Monday, October 1, 2012

Oct 1, 2012: Erv's Field Notes #44

This juvenile Forster's Tern was found on a piece of driftwood, located next to the shore (at a point between the bridge and the mini-shelter to the west), 9/23/12 (Wolf Oesterreich)

Sunday, September 30, 2012. 1-3:30 pm. Sunny, calm, 75 degrees F.

I parked at the Harrison Road lot and walked the narrow path to Pond H in the middle wetland complex. Ponds L and H still have water in them but areas along the shore that are normally covered with shallow water were dry enough to walk on without getting my shoes muddy. I flushed several Song Sparrows and a Sora Rail from the weeds along the shore and a Sharp-shinned Hawk flew out of the willows on the west side of the pond and disappeared into willows on the east side. I picked up a full bag of trash, (including a computer keyboard!) and deposited it in the trash can near the Paul Errington heritage rock.
I then proceeded to the north wetland complex. Along the way I saw pairs of Cherry-faced Meadowhawks in the grass along the trail. Pond G, the first one in the complex that receives water from Grant Creek, is bone dry. Except for cracked mud in the deep center, a dense stand of vegetation covers the pond. I identified witch grass, barnyard grass, smartweed, giant and yellow foxtail grass and nut sedge.

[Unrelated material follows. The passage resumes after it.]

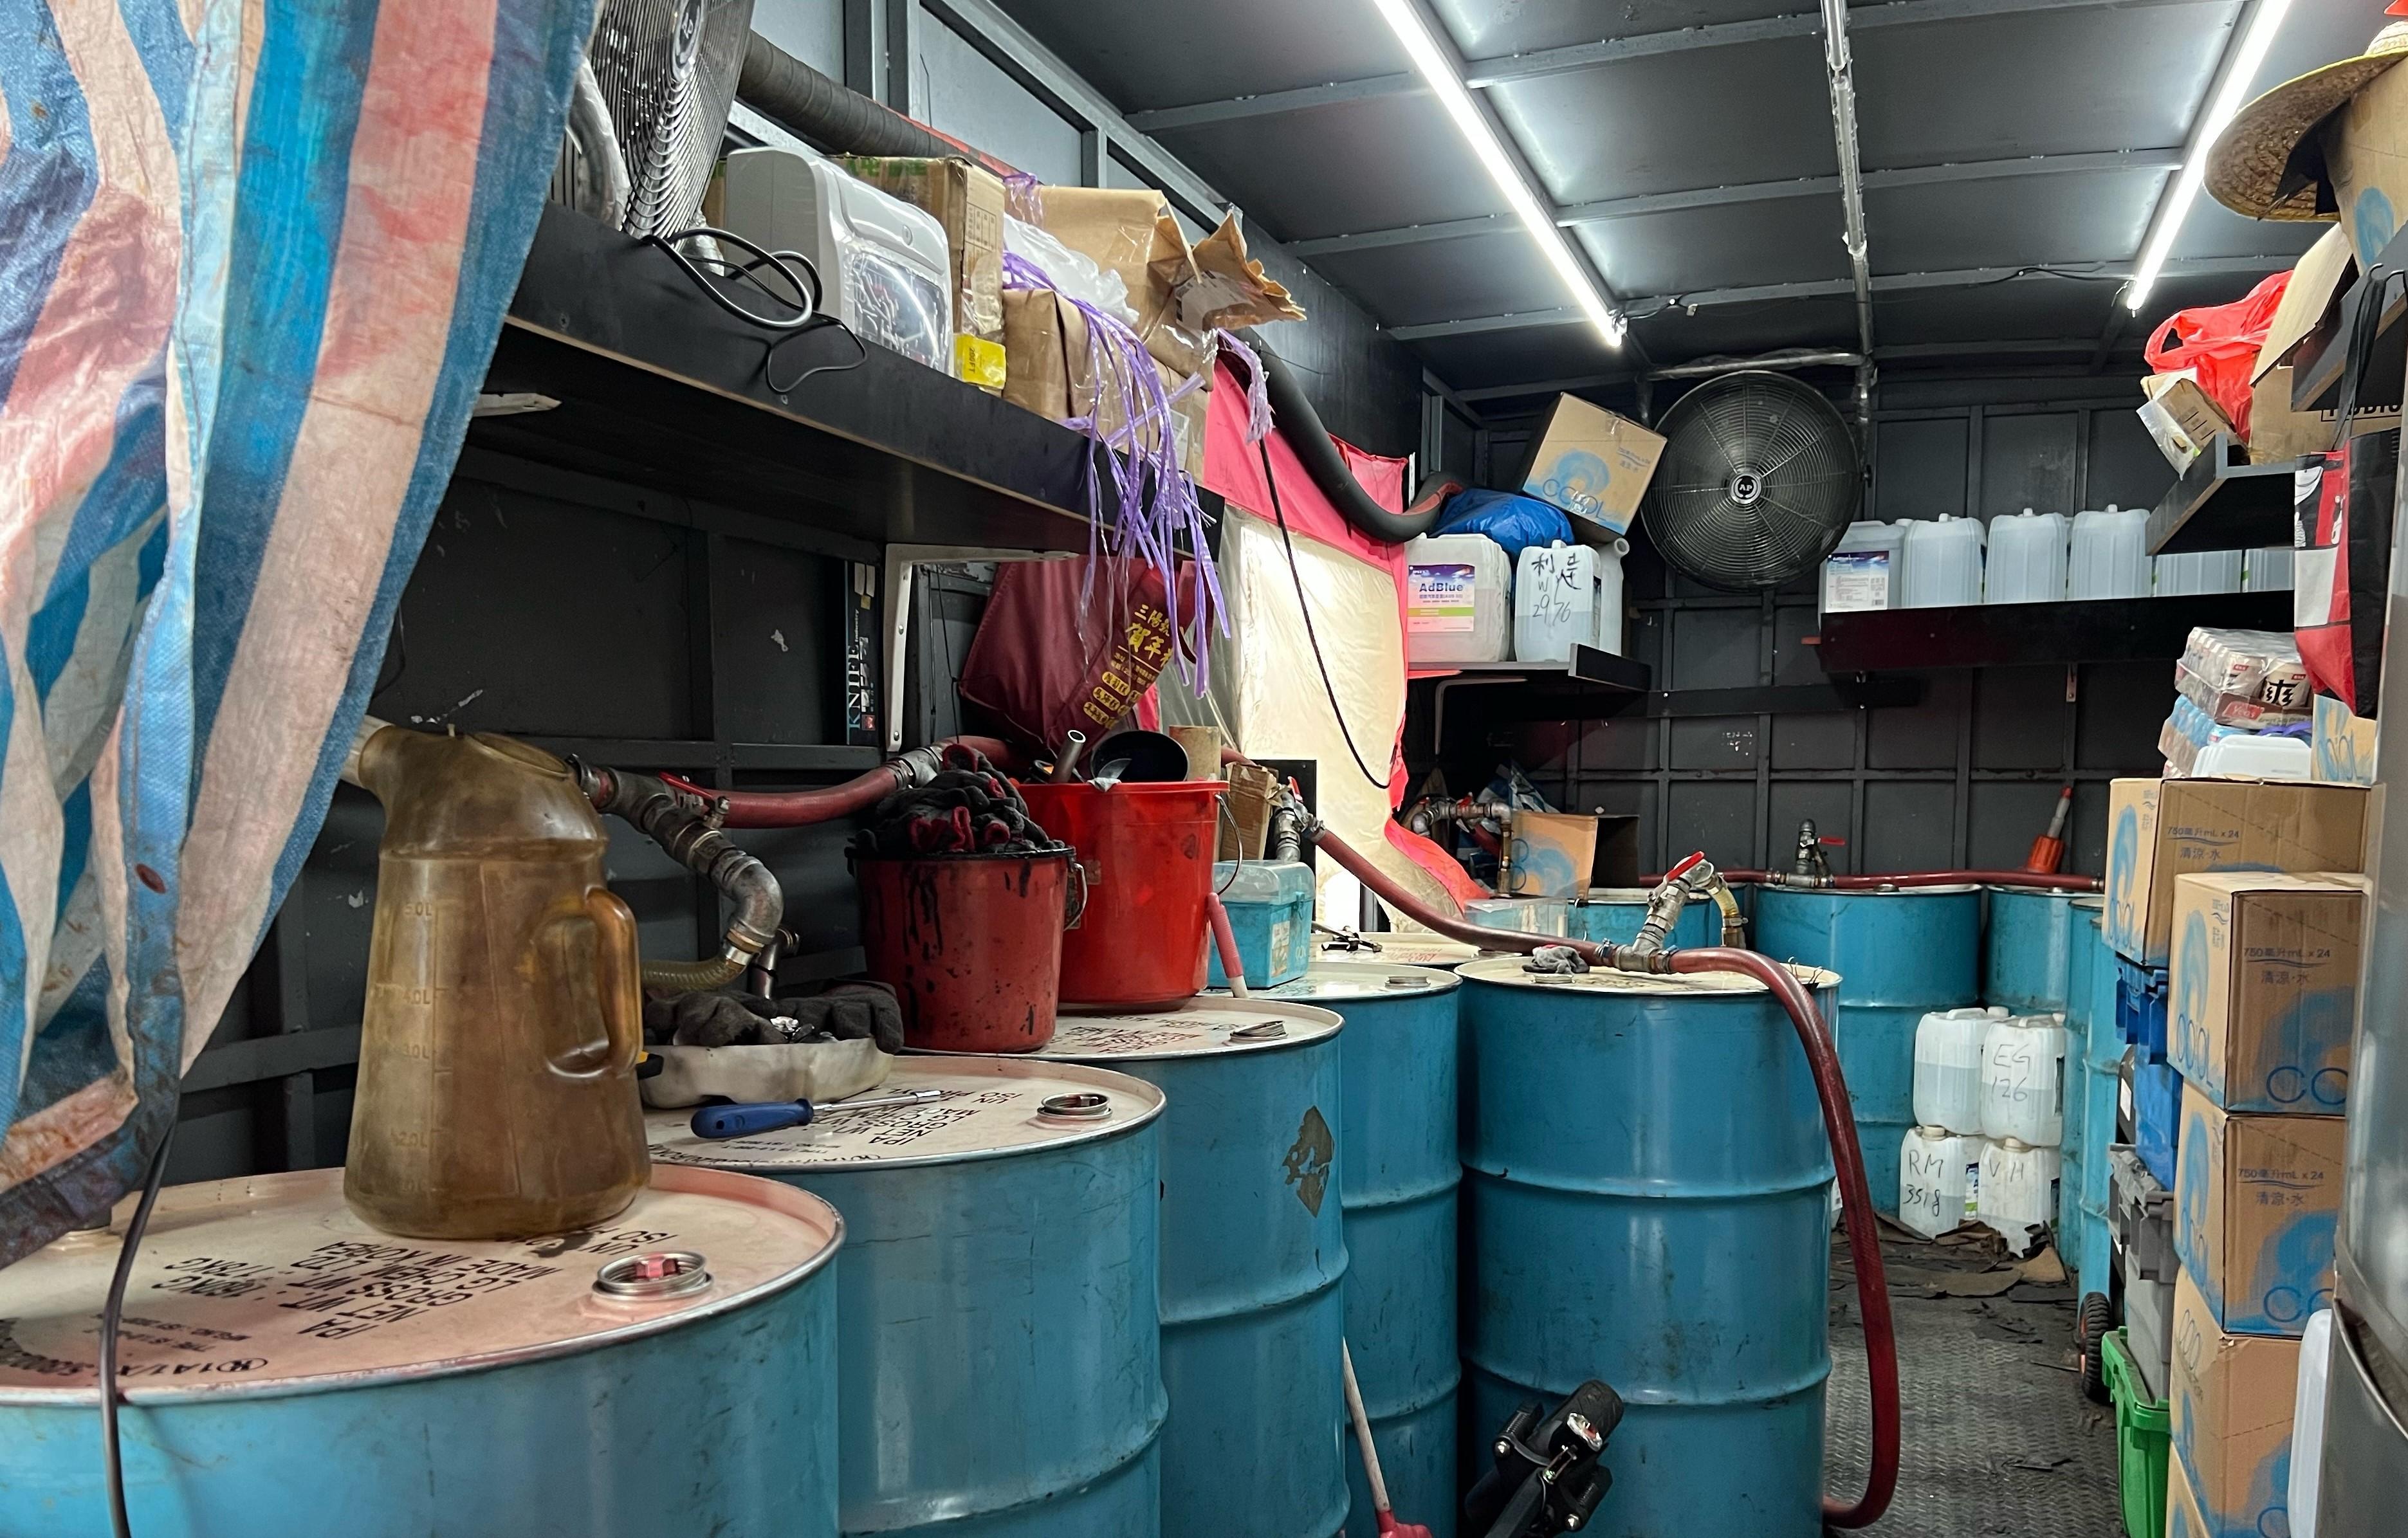 The Fire Services Department, the Hong Kong Police Force and Hong Kong Customs mounted a territory-wide joint operation codenamed "Winter Thunder" yesterday and today (December 21 and 22). Photo shows metal drums and fuelling facilities at a suspected illegal fuelling station.

All of these plants produce abundant seed and large numbers of sparrows and several pheasants were taking advantage of the food. I also noticed several large blue vervain (Verbena hastala) and yellow cress (Rorippa islandica) plants blooming. I walked through the dry wetland and climbed over the weir into Pond E. This pond still had a considerable amount of water although the shallow parts were completely dry and sparsely vegetated with smart weed. Just as I was climbing over the weir a Turkey Vulture landed on the west shore near what looked like a dead animal. After taking several photos of the bird feeding on the animal I chased it off and identified the animal as a dead raccoon that had been dead for a long time. A little farther along the shore was a dead carcass of a Turkey Vulture. I continued walking around the pond and observed a blue mosaic darner (dragonfly) flying over the water but I could not identify the species. I also jumped a white-tailed deer from the willows.

On the way back to the car, I saw dozens of American Goldfinches flying over the prairie and a few song sparrows.